Dataset excerpts ::
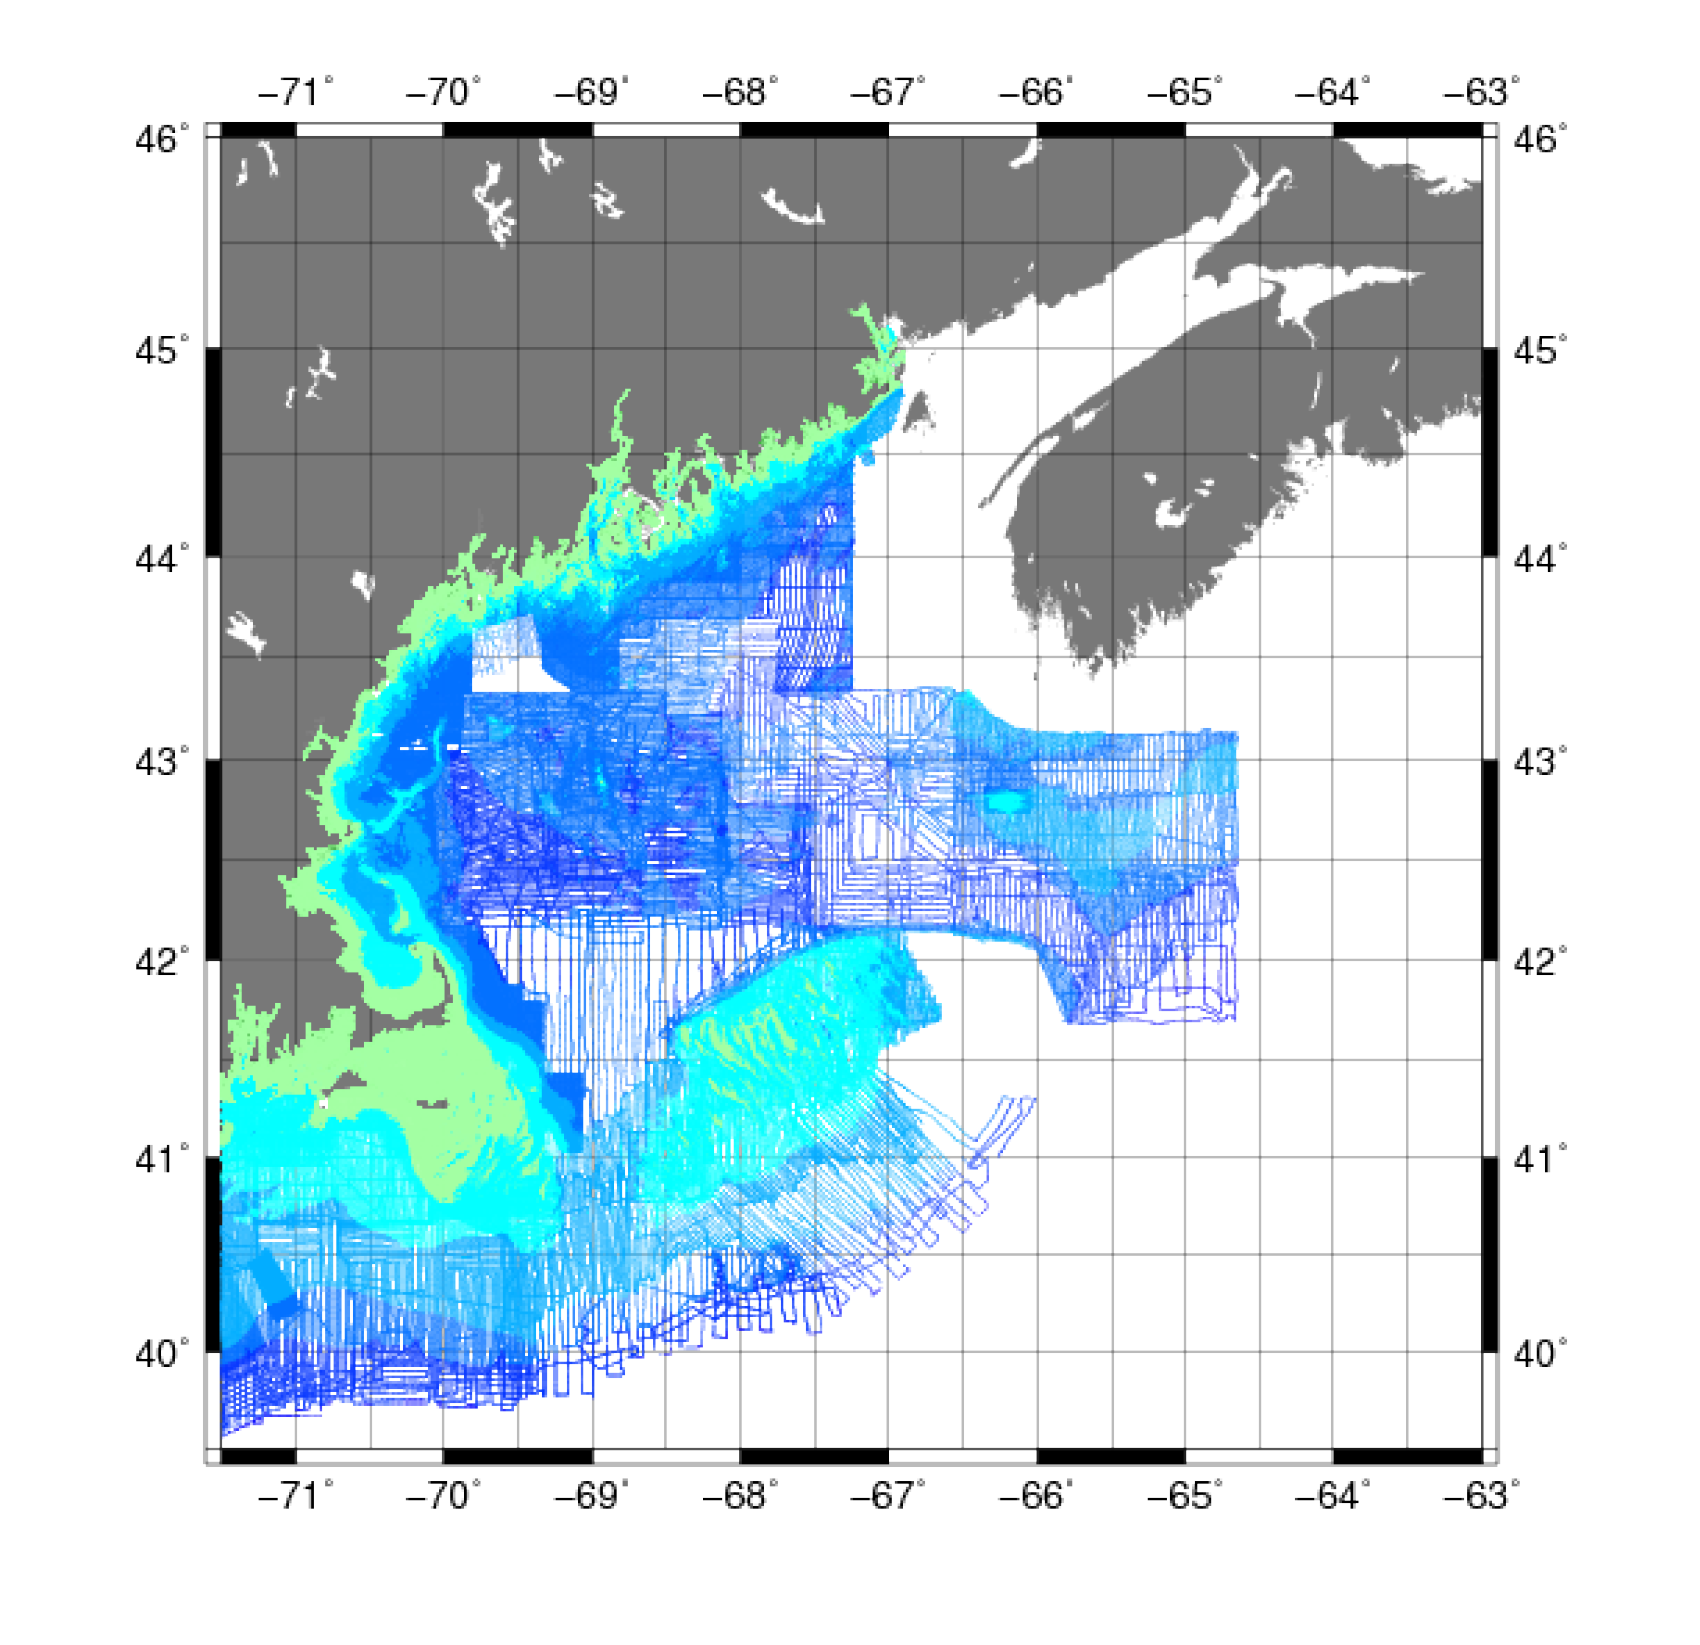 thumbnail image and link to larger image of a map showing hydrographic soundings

==

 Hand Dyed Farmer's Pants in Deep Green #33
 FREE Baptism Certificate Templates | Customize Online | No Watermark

* * *

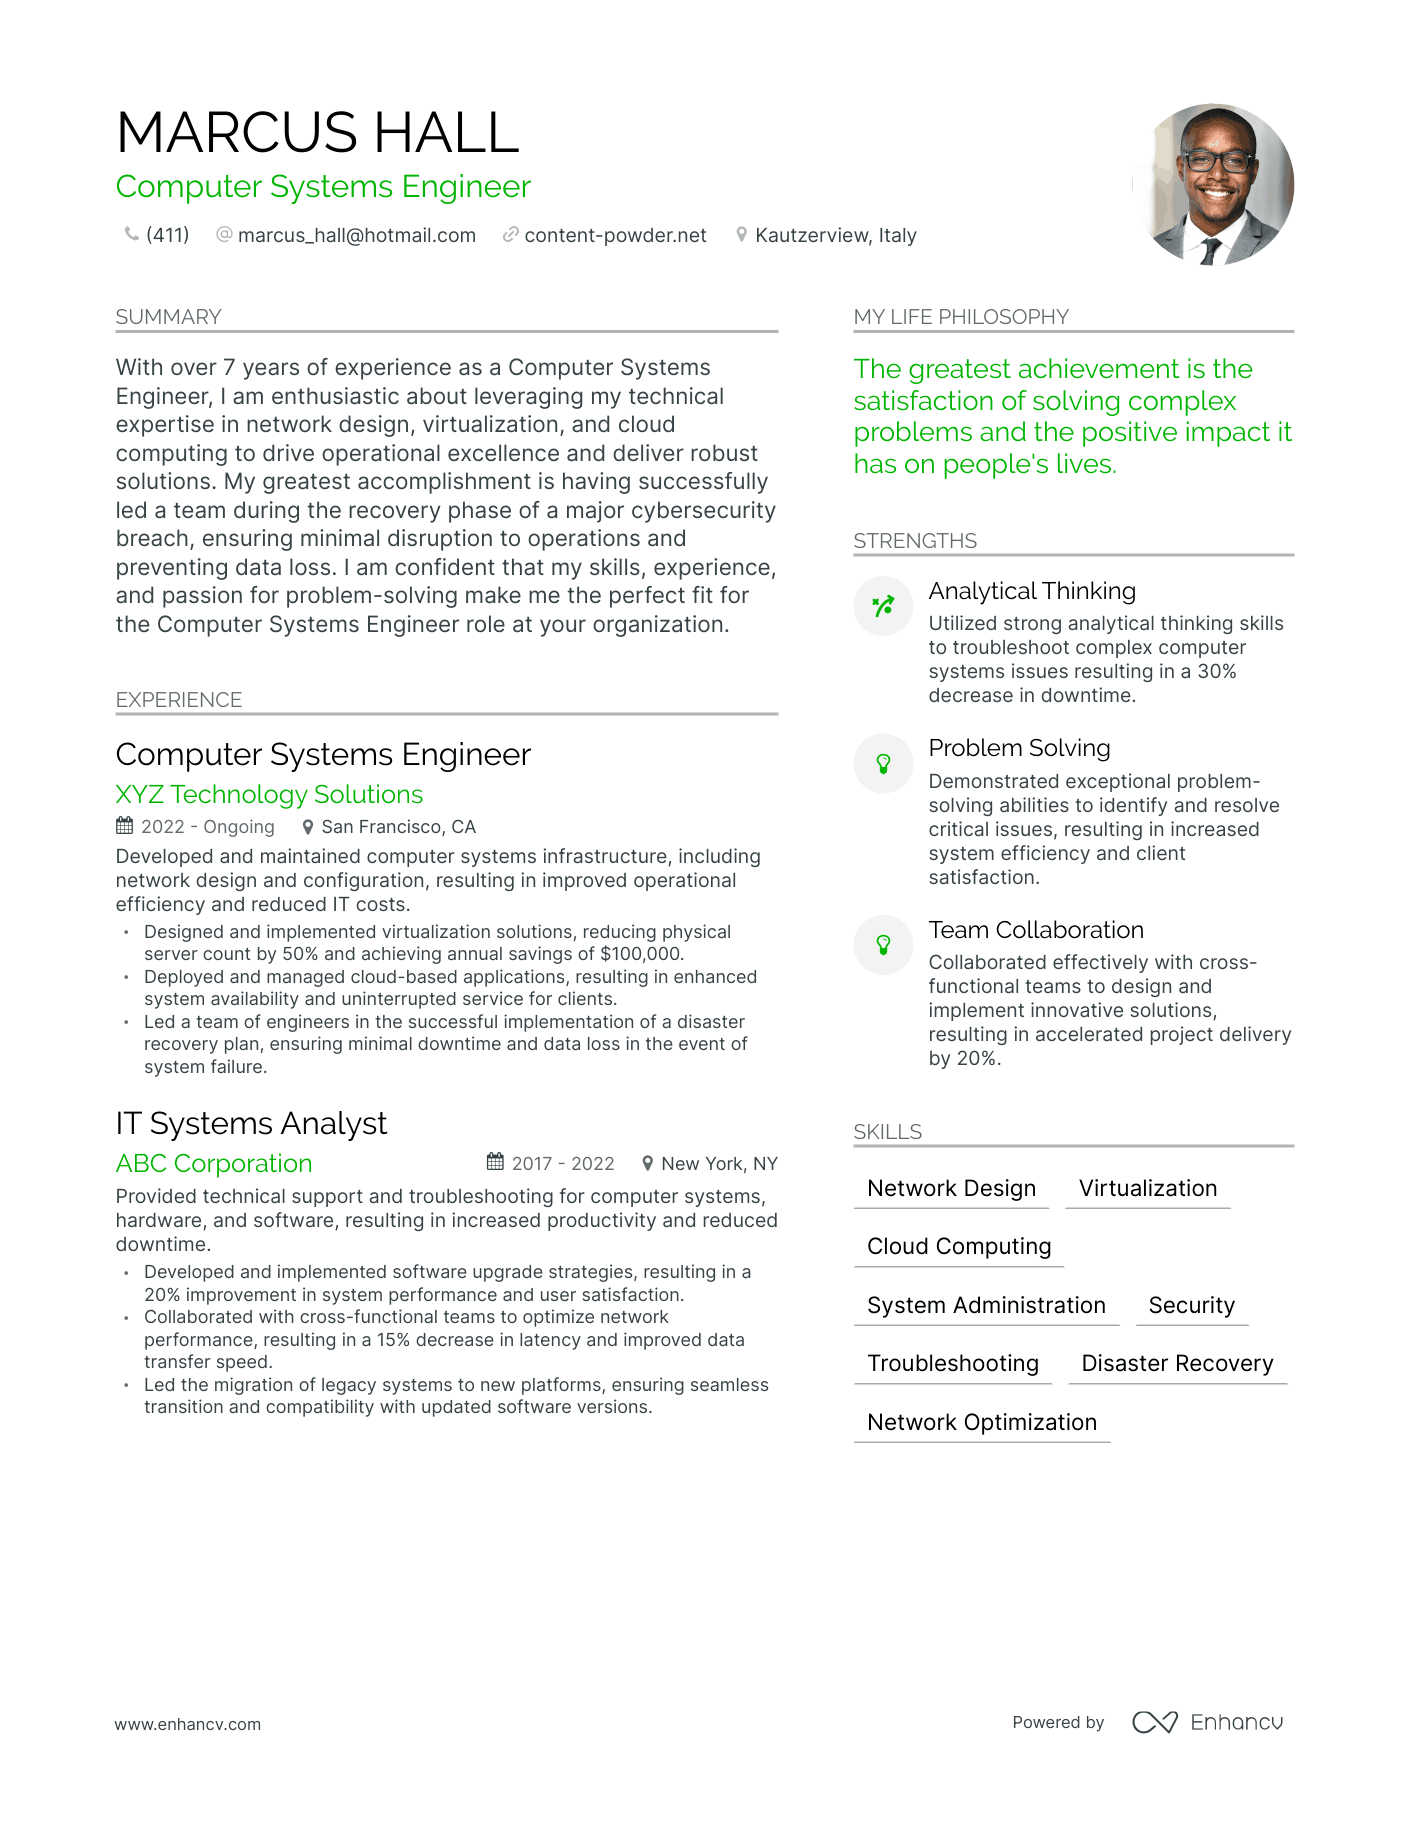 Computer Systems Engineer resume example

Instructions for the task :: The output should be exactly the lines above from the line containing "Hand Dyed Farmer's Pants in Deep Green #33" to the line containing "FREE Baptism Certificate", inclusive, with no other lines.

Answer section ::
 Hand Dyed Farmer's Pants in Deep Green #33
 FREE Baptism Certificate Templates | Customize Online | No Watermark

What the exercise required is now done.